Второе на сегодня занятие на беговой дорожке – час на 12 км/ч – выжгло меня дотла. Я сижу на матрасе, вытянув ноги: даже в позу лотоса не сесть, настолько они болят. Я так устала, что не могу ни о чем думать, кроме своей одышки, от которой меня вот-вот вырвет. Я сознаю, что, наверное, проморгала момент, когда наступило обезвоживание: это очень легко в закрытом помещении под кондиционером. Беру бутылку воды из переносного холодильника, который стоит рядом с матрасом. Что я здесь делаю? Ты пытаешься добраться до причины, но в жизни-то нет ничего линейного. В наших психопатических соцсетях мы делаем вид, что нас можно свести к какому-то таймлайну, но на самом деле мы как ирландское рагу: перманентно варимся и булькаем в своих кастрюльках. И я задумываюсь, чего в моем рагу больше всего.
Скульптуры Жермен Ришье (1902–1959) создают образы опустошения и насилия в Европе после Второй мировой войны. Изрытые выбоинами и шрамами поверхности ее скульптур, изувеченные лица красноречиво говорят о человеческом страдании. В то же время цельность ее персонажей и их ощутимое выразительное присутствие утверждают мысль о том, что человечество выжило, несмотря на ужасы войны. Моделью для этой скульптуры стал пожилой человек, который за пятьдесят лет до этого позировал Родену для скульптурного портрета Бальзака, но если у Родена это архетип мужской силы и творчества, то Ришье представила обезображенный, распадающийся образ.

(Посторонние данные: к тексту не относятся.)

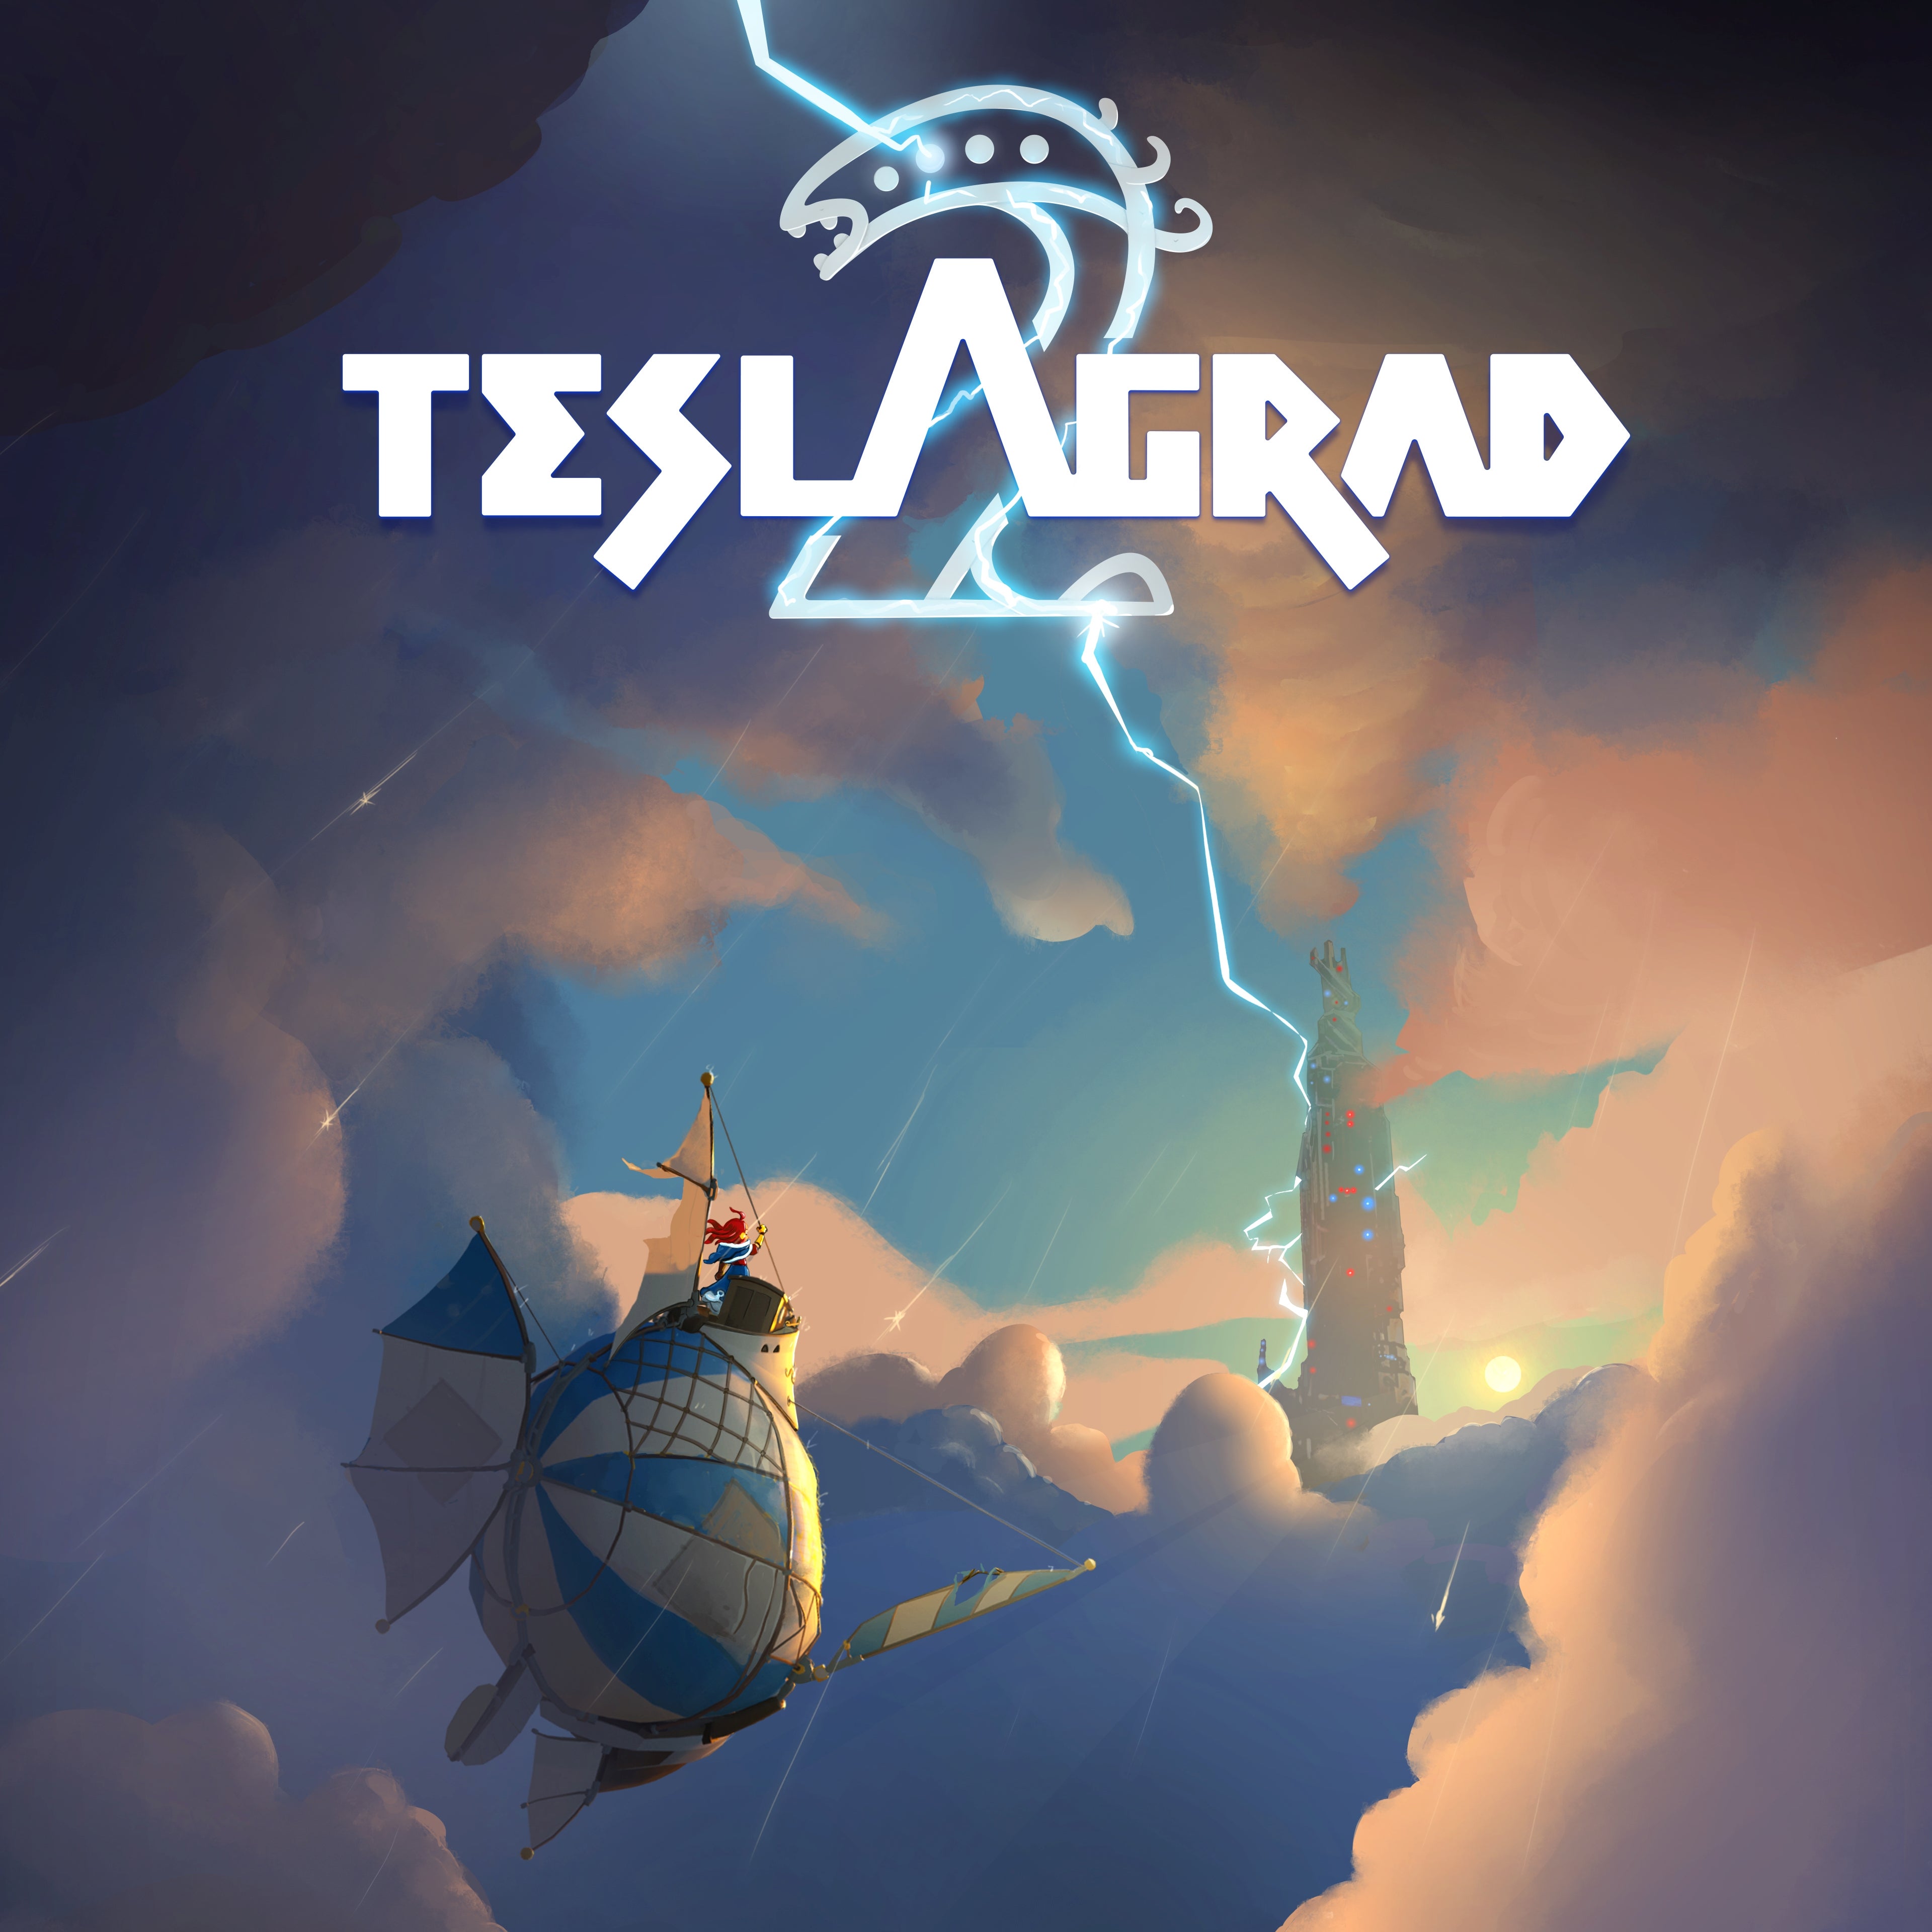 jaquette du jeu vidéo Teslagrad 2

Увидев выставленные в институте работы Ришье, я сразу перенеслась обратно в Поттерс-Прери – в тот день, когда мы смотрели жуткие кадры атаки на Всемирный торговый центр.
Жермен Ришье родилась в Грансе, на юге Франции, и была по-настоящему необычным человеком. Она не принадлежала ни к академизму, ни к модернизму, а шла собственной дорогой; уехав в Париж, Ришье работала с Бурделем в последние годы его жизни. Катастрофические последствия войны оказали глубочайшее воздействие на ее мировоззренческий ландшафт. Крупные женские фигуры измельчали и стали похожими на насекомых, сохраняя при этом отчетливую женственность. С другой стороны, пугающие своими размерами фигуры (и мужские и женские), в частности «Шторм» и «Ураган», стали воплощением жестокости и безразличия сил природы.
Можно предположить, что недвусмысленные художественные решения этой яркой, волевой женщины (которая не произвела на свет детей – только скульптуры) были для нее способом выразить собственную женственность. И правда, грубоватые произведения, созданные Ришье, по виду напоминают ее саму, ее фигуру.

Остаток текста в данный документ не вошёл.